The knowledge that can be inferred increases when either 1) your raw data gets more expressive, or 2) your reasoning methods get more powerful.
As a society, we're getting better at collecting more expressive data. For example, the new data generated by immersive technologies like AR and VR represents a huge leap forward in biometric information gathering.
VR/AR generate incredible amounts of fine-grained biometric information. Necessarily so: creating a realistic immersive world for a user entails things like eye tracking (to reduce simulator sickness), and movement tracking with things like optical sensors and gyroscopes (to understand what people are trying to do in the simulated world).
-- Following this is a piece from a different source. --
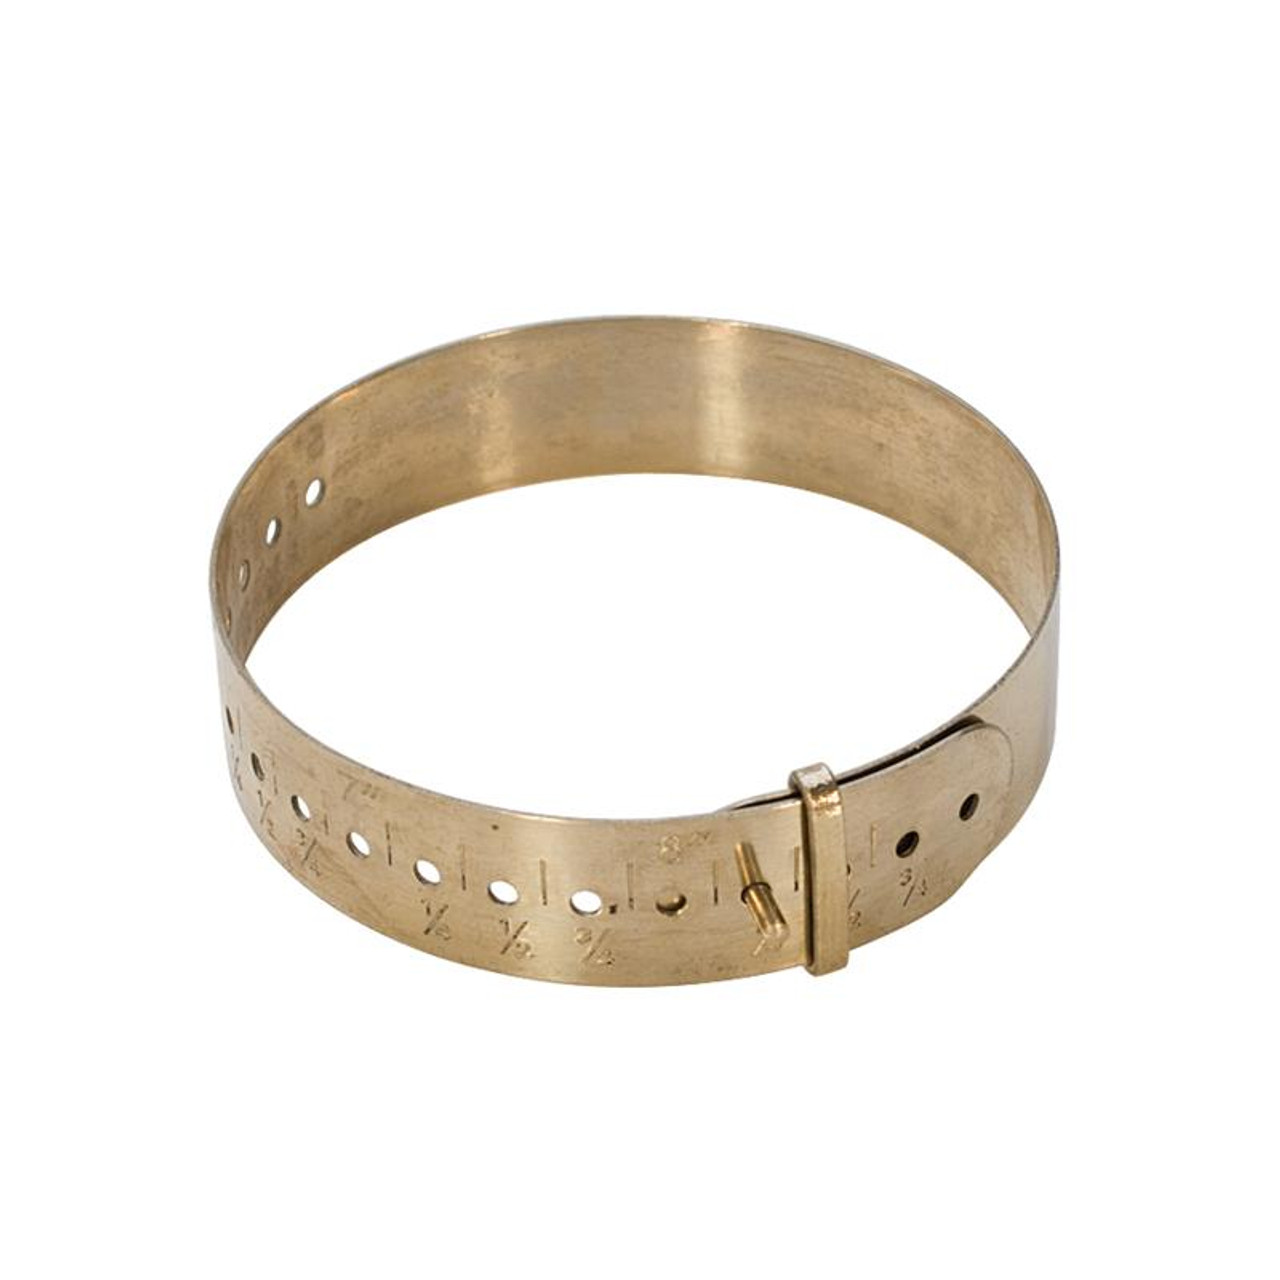 Brass bracelets and bangles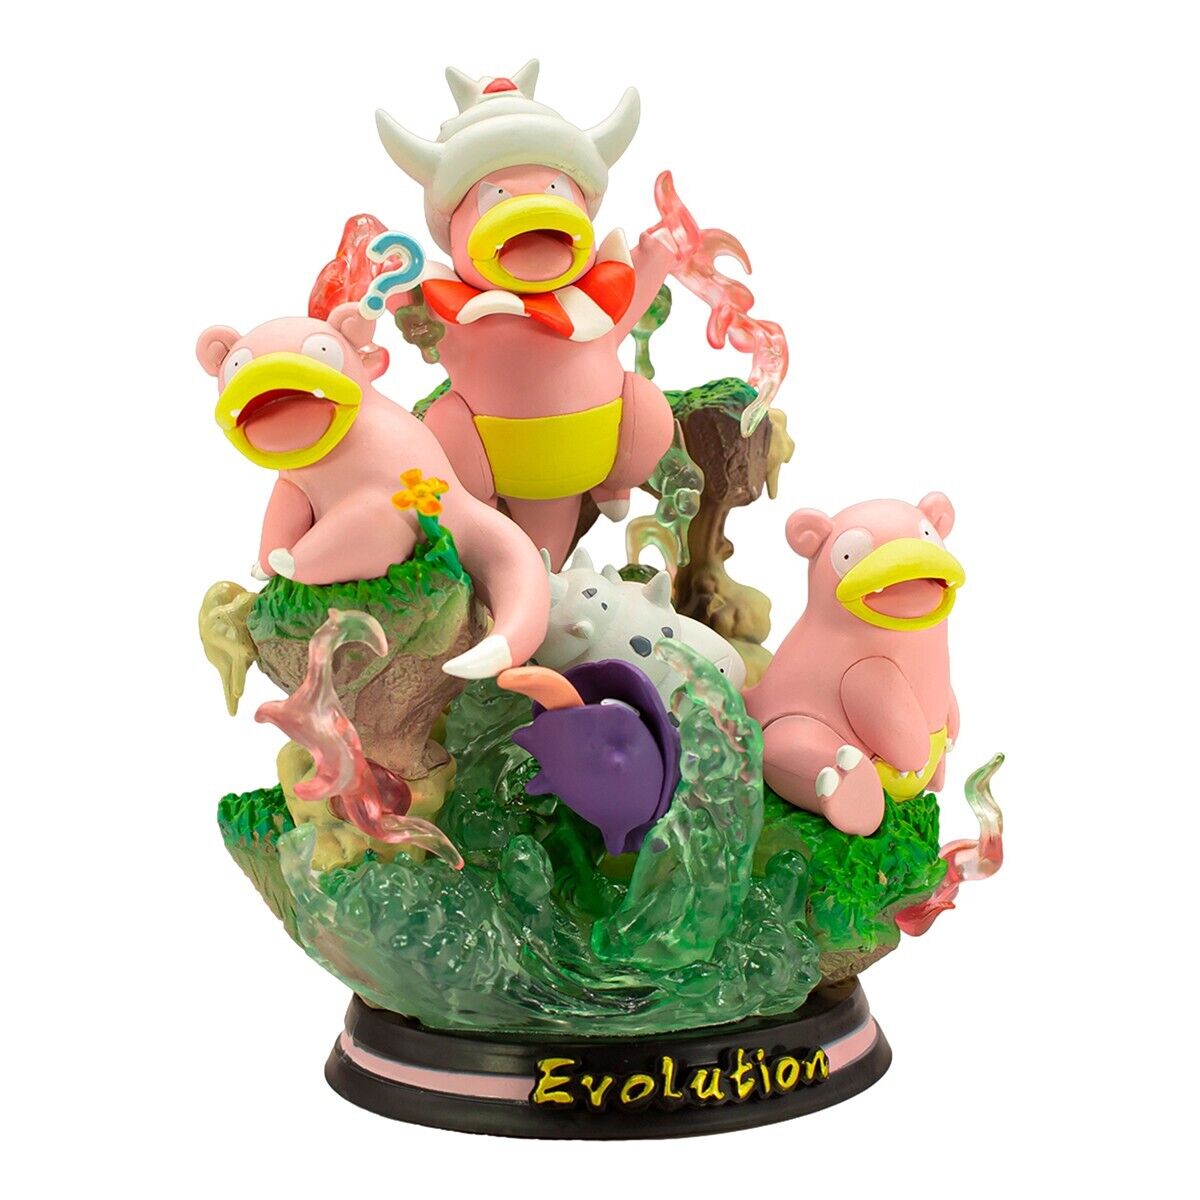 Slowpoke Slowking Family Evolution Pokemon Statue Figure Evolving LED Light

One can use this information to directly improve the experience, of course, but one can also store this information to later feed it through statistical models.
Scholar Brittan Heller points out in her paper “Watching Androids Dream of Electric Sheep” that you can use eye tracking to infer what interests a person, what their gaze lingers on; pupil dilation can tell you who they're sexually attracted to, and even predict autism and dementia.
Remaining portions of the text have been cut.